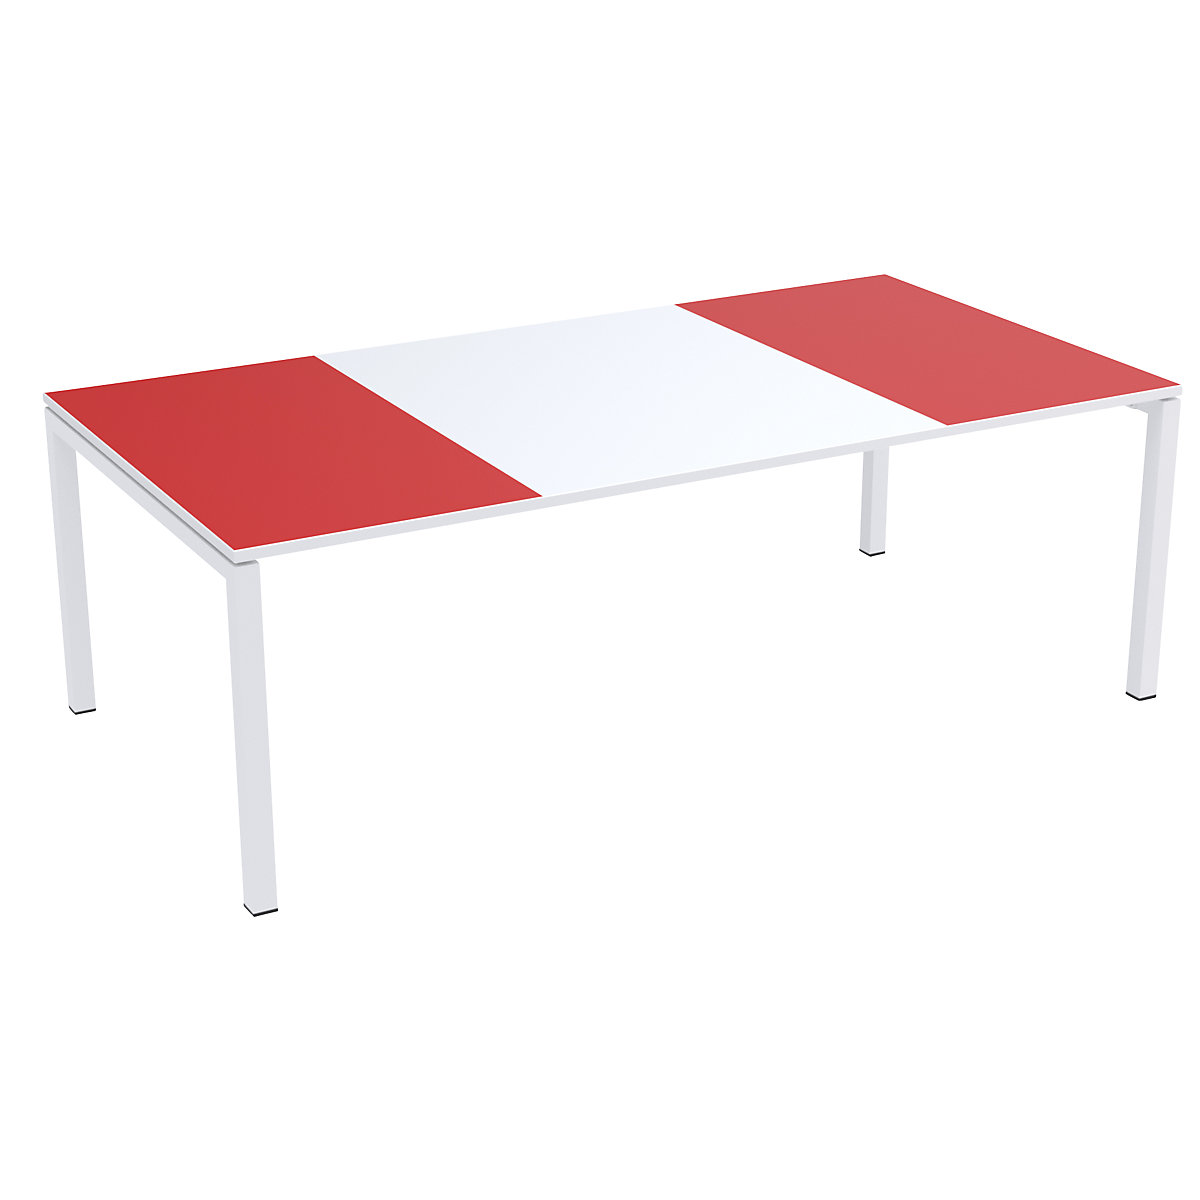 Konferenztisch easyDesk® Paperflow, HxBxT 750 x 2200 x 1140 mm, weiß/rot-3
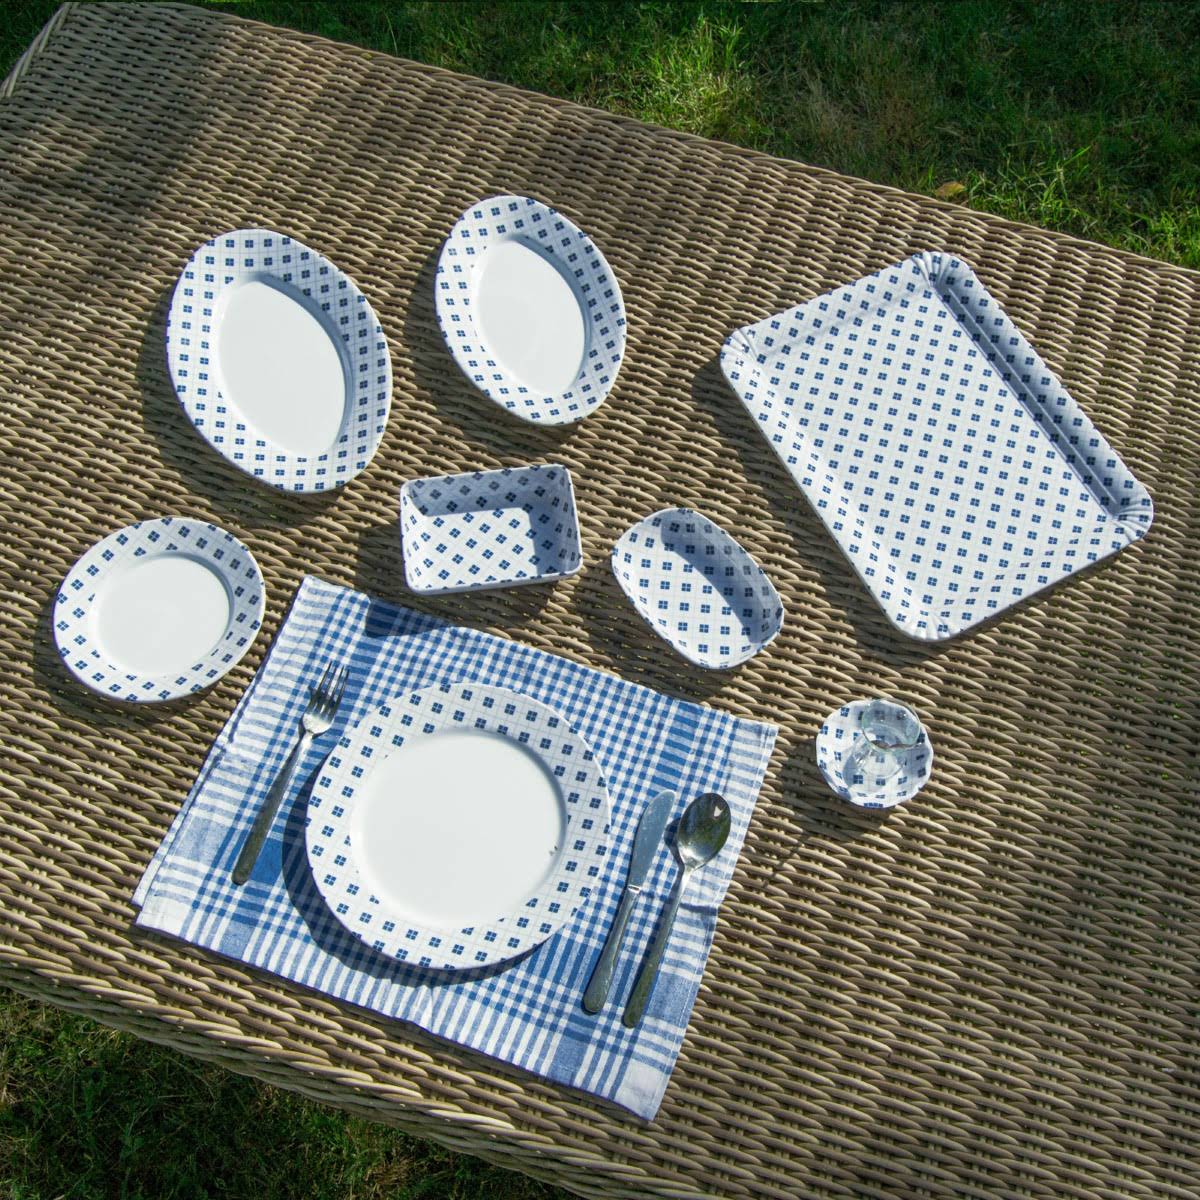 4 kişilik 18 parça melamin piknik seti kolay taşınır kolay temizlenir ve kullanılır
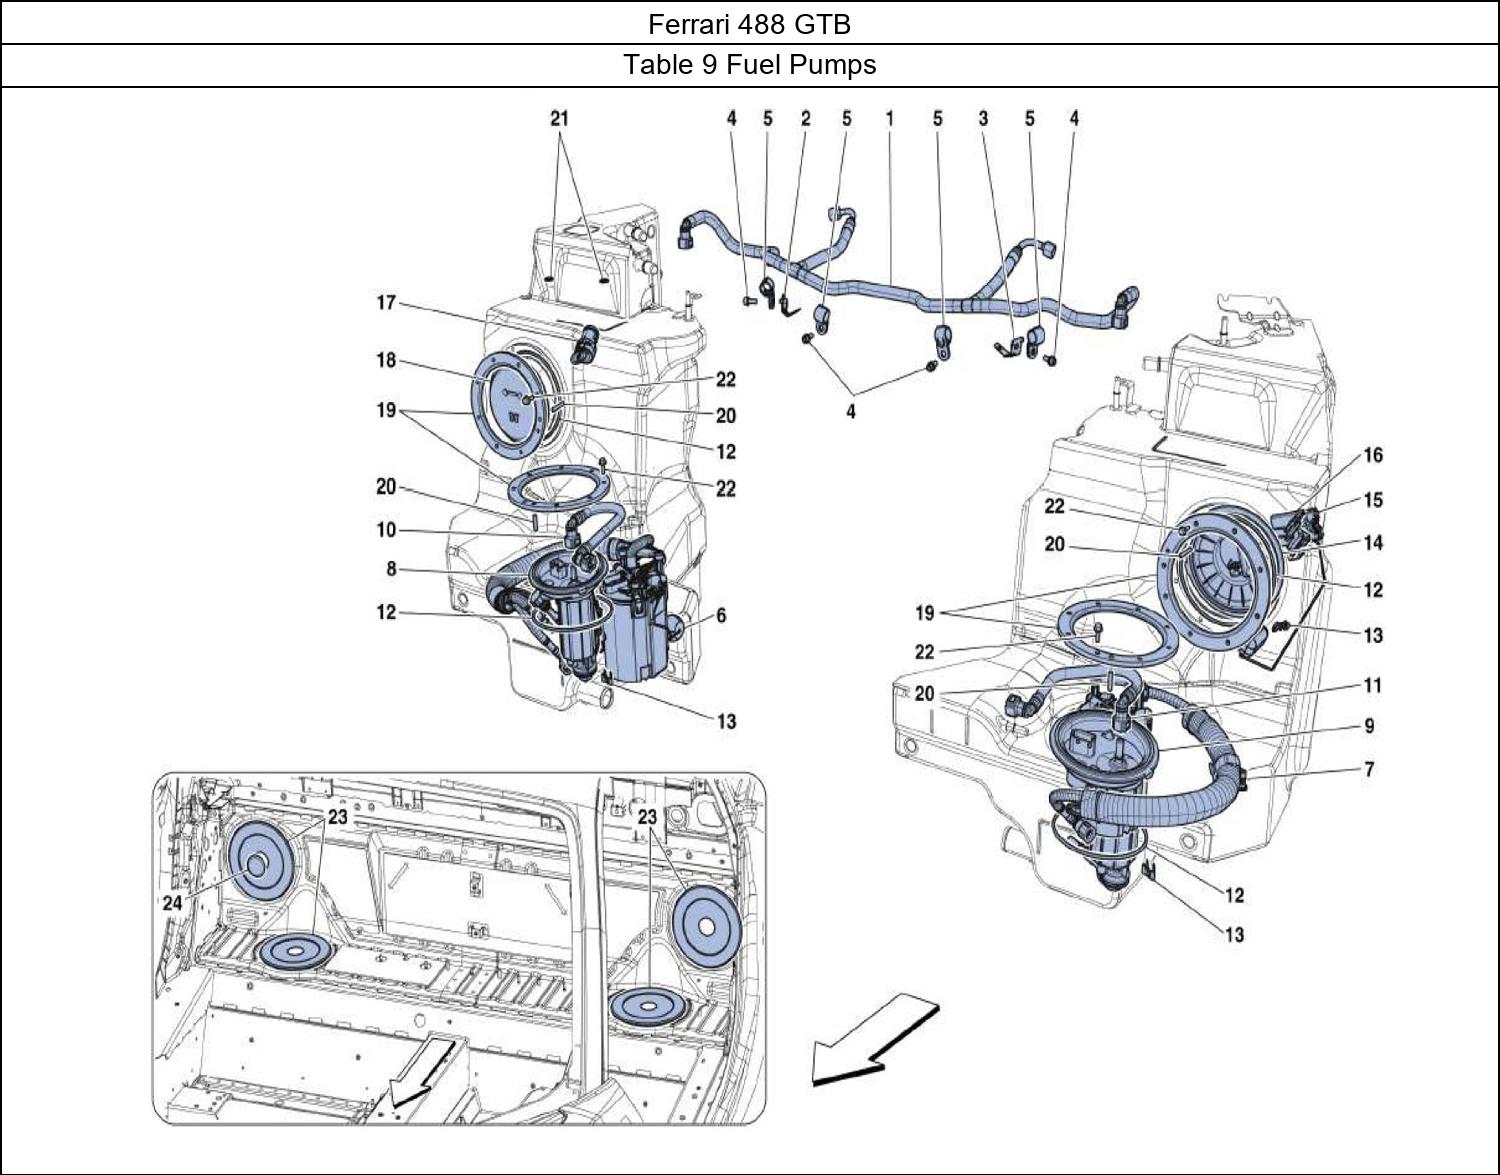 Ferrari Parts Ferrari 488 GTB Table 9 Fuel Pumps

WHAT IS REQUIRED.
Word for word, reproduce the listing above; no image should be carried over.

EXERCISE RESULT.
 Konferenztisch easyDesk® Paperflow, HxBxT 750 x 2200 x 1140 mm, weiß/rot-3
 4 kişilik 18 parça melamin piknik seti kolay taşınır kolay temizlenir ve kullanılır
 Ferrari Parts Ferrari 488 GTB Table 9 Fuel Pumps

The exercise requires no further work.